The bias-free and plain language movements are based on the premises that people deserve to be treated equally and that language should be accessible to its audience. Arguing that decimated really should mean “reduced by one-tenth” is based on a desire to hang on to rules that one was taught in one’s youth. It’s an entirely post hoc rationale, because it’s only employed to defend bad rules, not to determine the best meaning for or use of every word. For example, if we really thought that narrower etymological senses were always better, shouldn’t we insist that cupboard only be used to refer to a board on which one places cups?

This argument is based in part on a misunderstanding of what the descriptivist/prescriptivist debate is all about. Nobody is insisting that decimate must mean “obliterate”, only observing that it is used in the broader sense far more often than the narrower etymological sense. Likewise, no one is insisting that the word must never be allowed to change again, only noting that it is unlikely that the “destroy one-tenth” sense will ever be the dominant sense.

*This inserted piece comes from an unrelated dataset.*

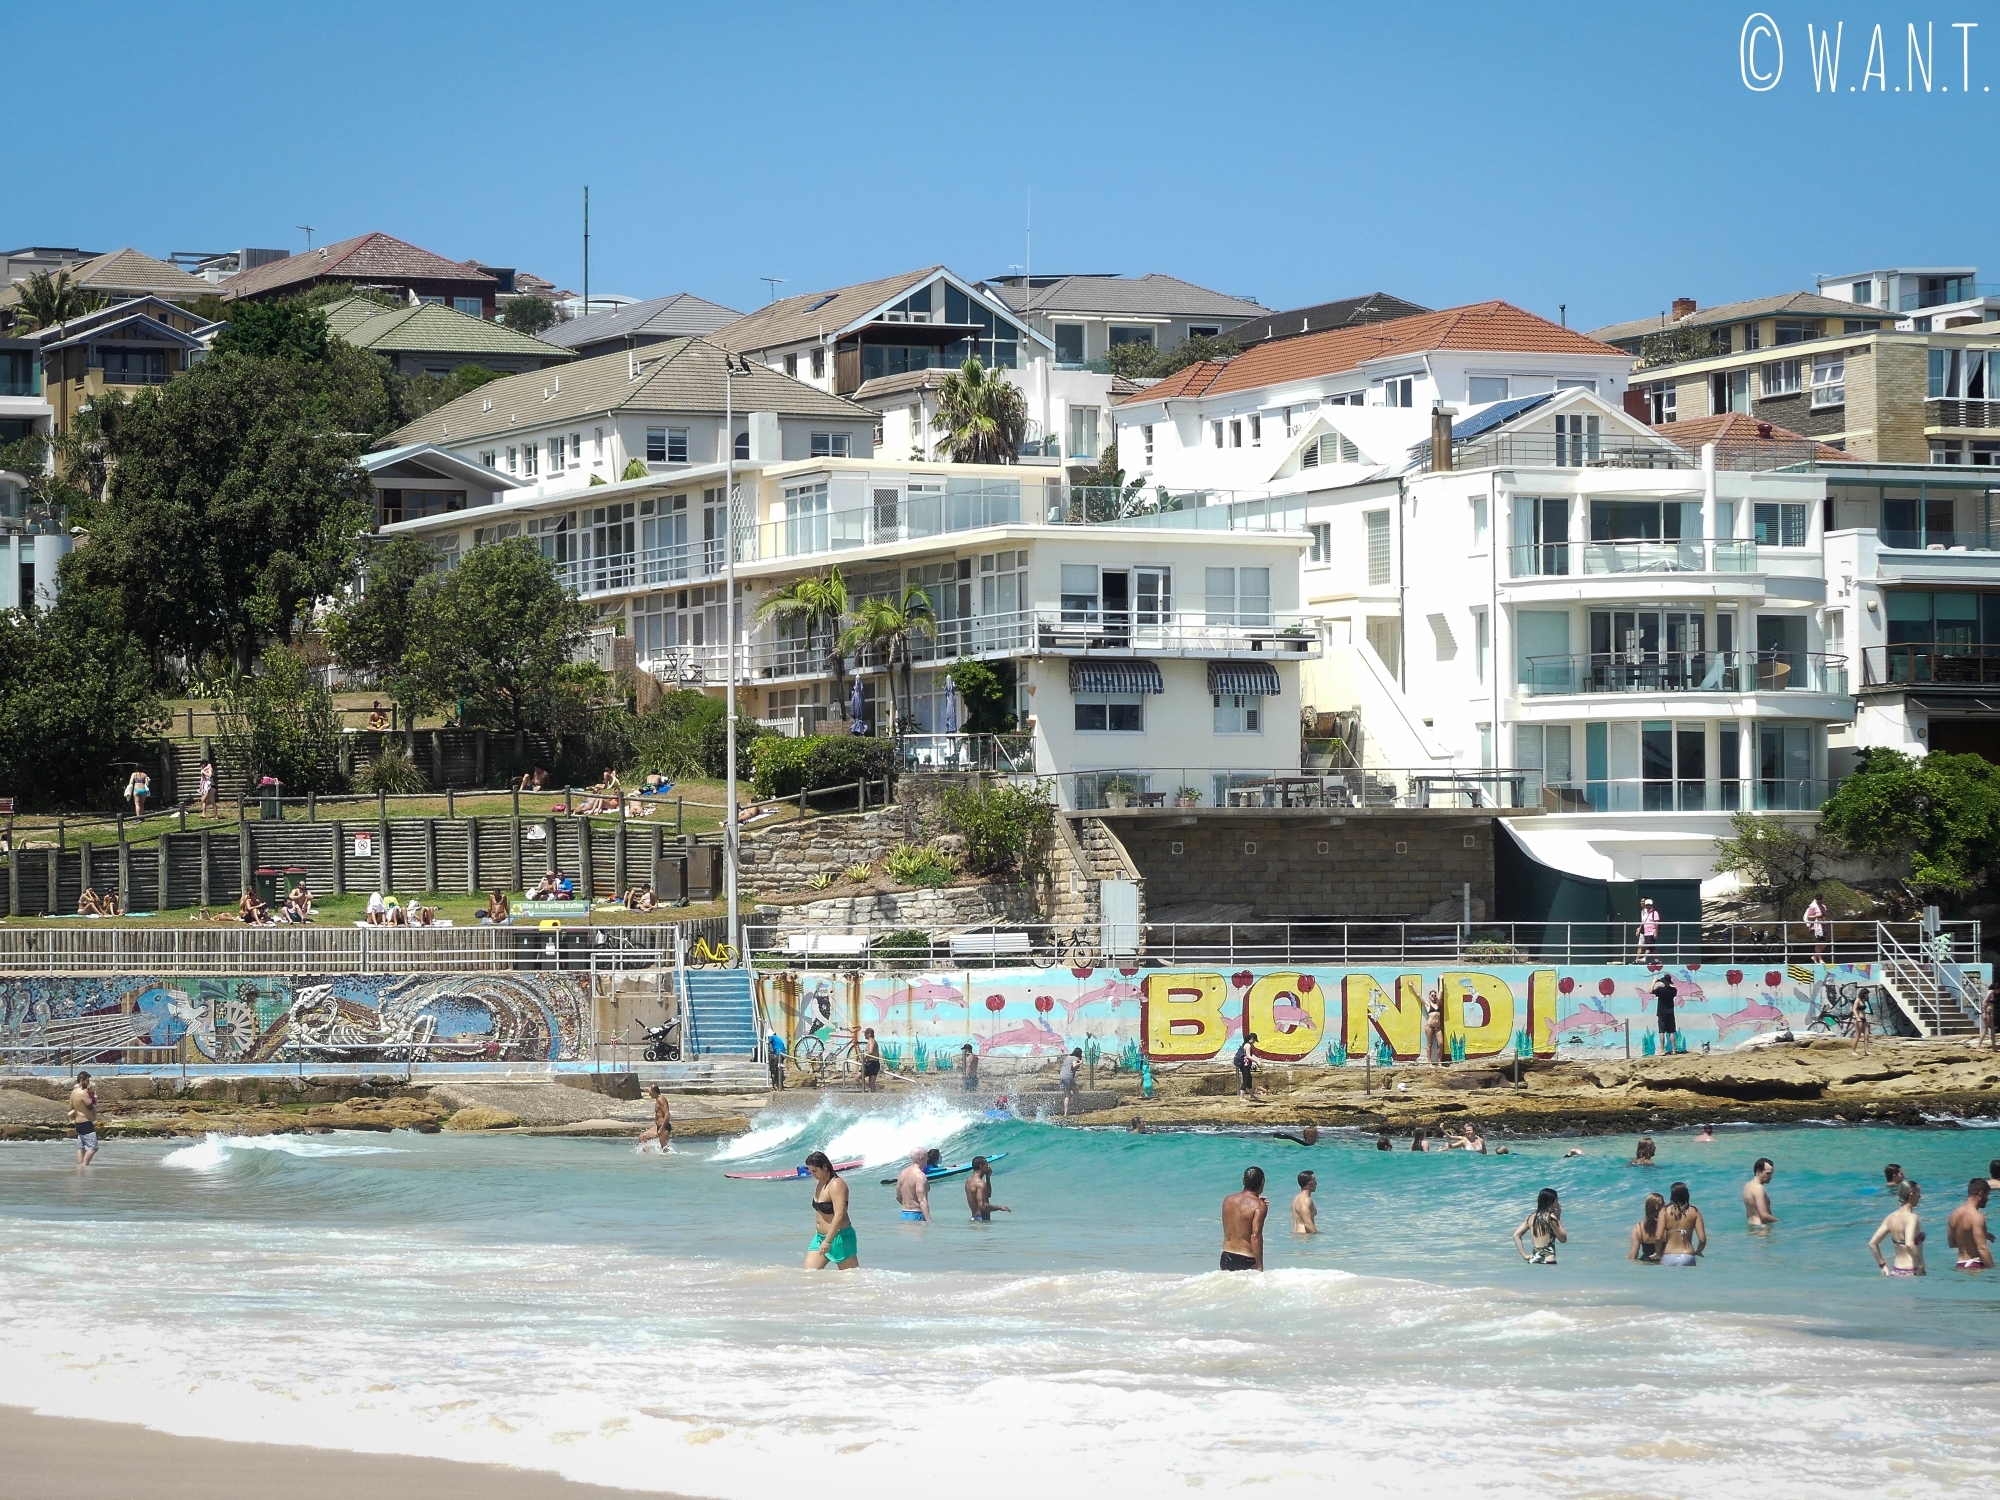 La plage de Bondi près de Sydney est très populaire

Arguing against a particular prescription is not the same as making the opposite prescription.

But perhaps more importantly, this argument is based on a fundamental misunderstanding of how language change works. As Allan Metcalf said in a recent Lingua Franca post, “It seems a basic principle of language that if an expression is widely used, that must be because it is widely useful. People wouldn’t use a word if they didn’t find it useful.” And as Jan Freeman has said, “we don’t especially need a term that means ‘kill one in 10.’” That is, the “destroy one-tenth” sense is not dominant precisely because it is not useful.

The language changed when people began using the word in a more useful way, or to put it more accurately, people changed the language by using the word in a more useful way. You can try to persuade them to change back by arguing that the narrow meaning is better, but this argument hasn’t gotten much traction in the 250 years since people started complaining about the broader sense. (The broader sense, unsurprisingly, dates back to the mid-1600s, meaning that English speakers were using it for a full two centuries before someone decided to be bothered by it.)

But even if you succeed, all you’ll really accomplish is driving decimate out of use altogether. Just remember that death is also a kind of change.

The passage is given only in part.